We’ve all seen theatre-in-the-round before, but Lepage is at pains to turn what is conventionally a two-dimensional circle into a three-dimensional sphere of theatre. The cast cannot exit or enter the stage-space during the performance, so horizontal planes of on and offstage become vertical axes, with props and sets rising up or descending as needed.
A visual dance that reconceives the space in endlessly inventive permutations
Theoretically and technically complex, visually it’s organic and exhilarating – a dance that reconceives the space in endlessly inventive permutations. The 12 chairs descend in absolute synchronism on retracting wires, arranged precisely around the revolving edge of the stage. It’s a gesture that must have taken hours of technical trial and error, and all for the most fleeting scene of exposition. Swimming pools, airports, bars, hotel rooms and of course casinos (we are in Las Vegas after all) all take shape before us, each melting and bleeding into the next.
And that’s the danger of Spades – a piece of visual circus-theatrics that constructs its scene changes with such mastery as to risk obscuring the drama they punctuate. Nominally this is a work about the 2003 invasion of Iraq, telling a tale about one dusty desert city by visiting Western civilisation’s silicon-enhanced, alcohol-infused doppelganger: Las Vegas. Outside the city, soldiers fight a phoney war in a faux-Iraqi village defended by Hollywood extras. Inside the city’s hotels, ordinary people play their own domestic games of risk and chance, gambling against odds no more arbitrary than the US army.

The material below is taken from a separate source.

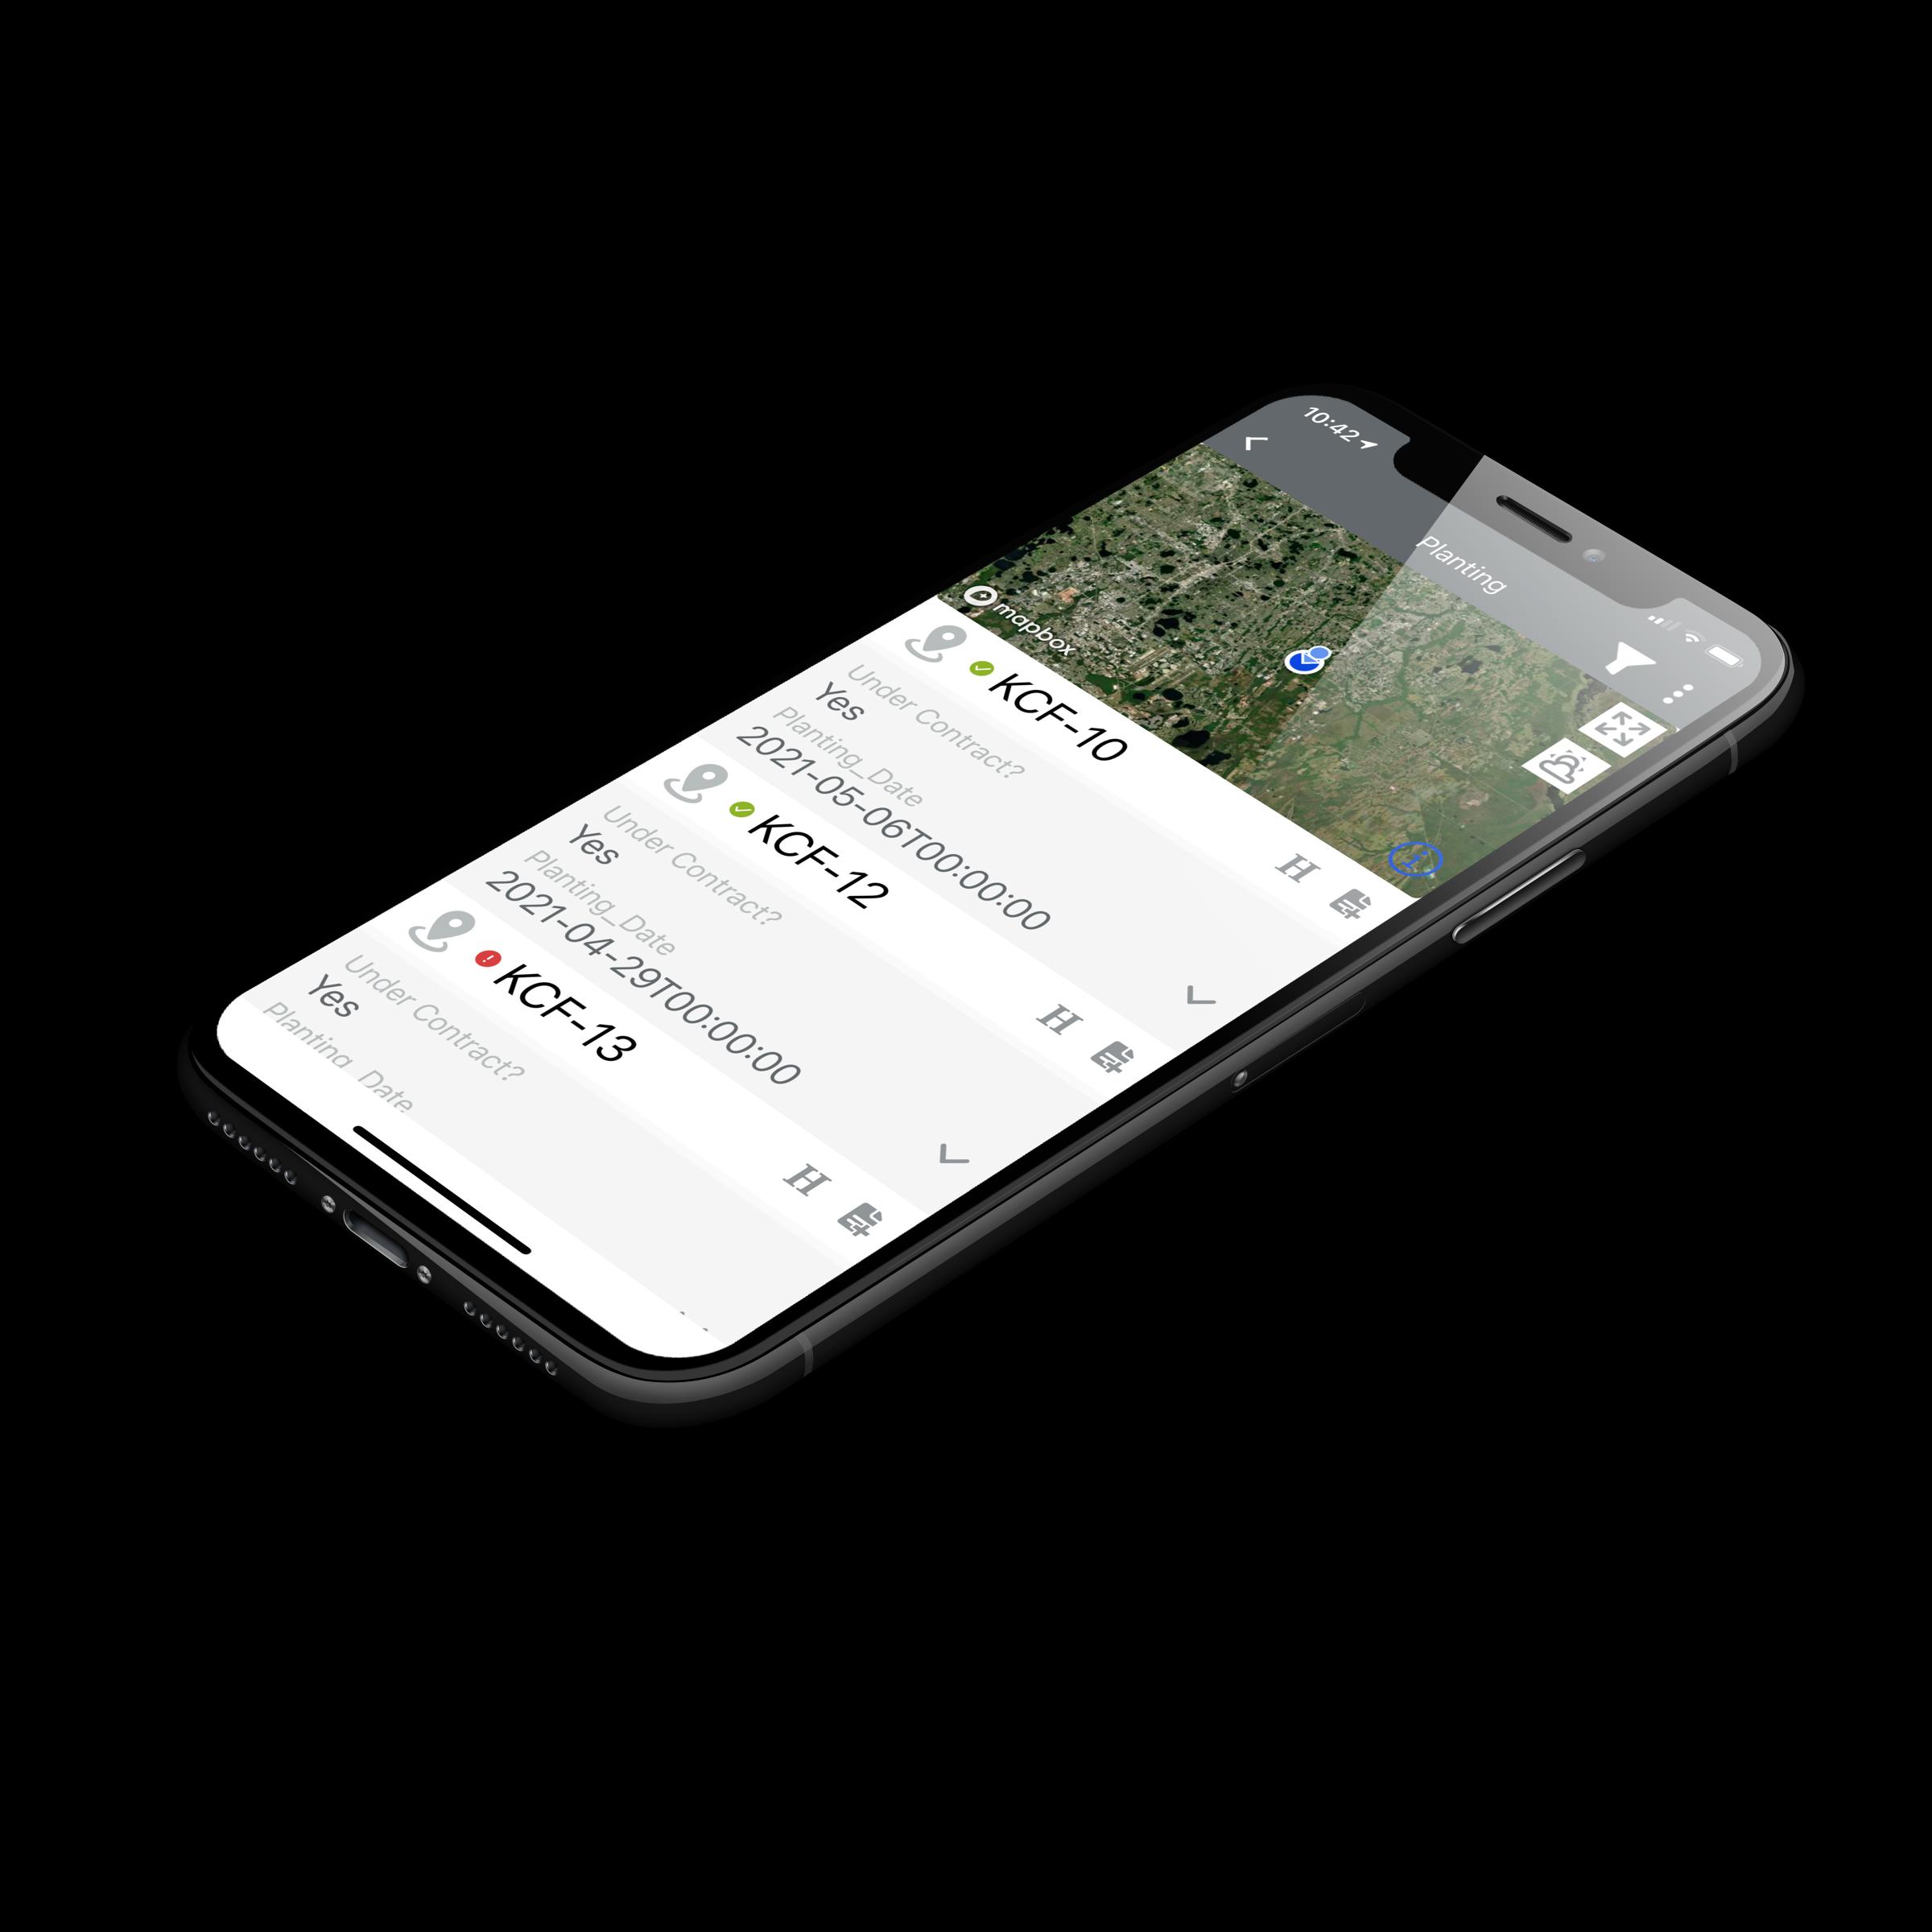 iPhone using CropTrak Worklists

It’s all excellently done by a cast of just six multilingual actors, each taking multiple roles, but the question of whether it’s worth doing is more fraught. Dialogue is functional – best in the clumsy banality of naturalism, worst in moments of political or social table-thumping – but its issues are ill-digested into the narrative. Individual stories scratch deep for a moment, but just as we begin to feel the sting Lepage’s panoptic vision pans elsewhere.
Typical of the director’s cumulative approach the show has apparently evolved since its Canadian debut. It’s mercifully shorter now (playing at around two-and-a-half hours without interval), but still feels too long, and now ends on more of a David Lynch-esque shrug of symbolist make-of-that-what-you-will than a pyrotechnic bang.
Lepage’s time with Cirque du Soleil has honed his eye for spectacle and sharpened his visual imagination, but it may also have stunted his emotional investment in storytelling. There’s an awful lot of grandiose window-dressing here in a tale whose best bits are as simple as they are brutal.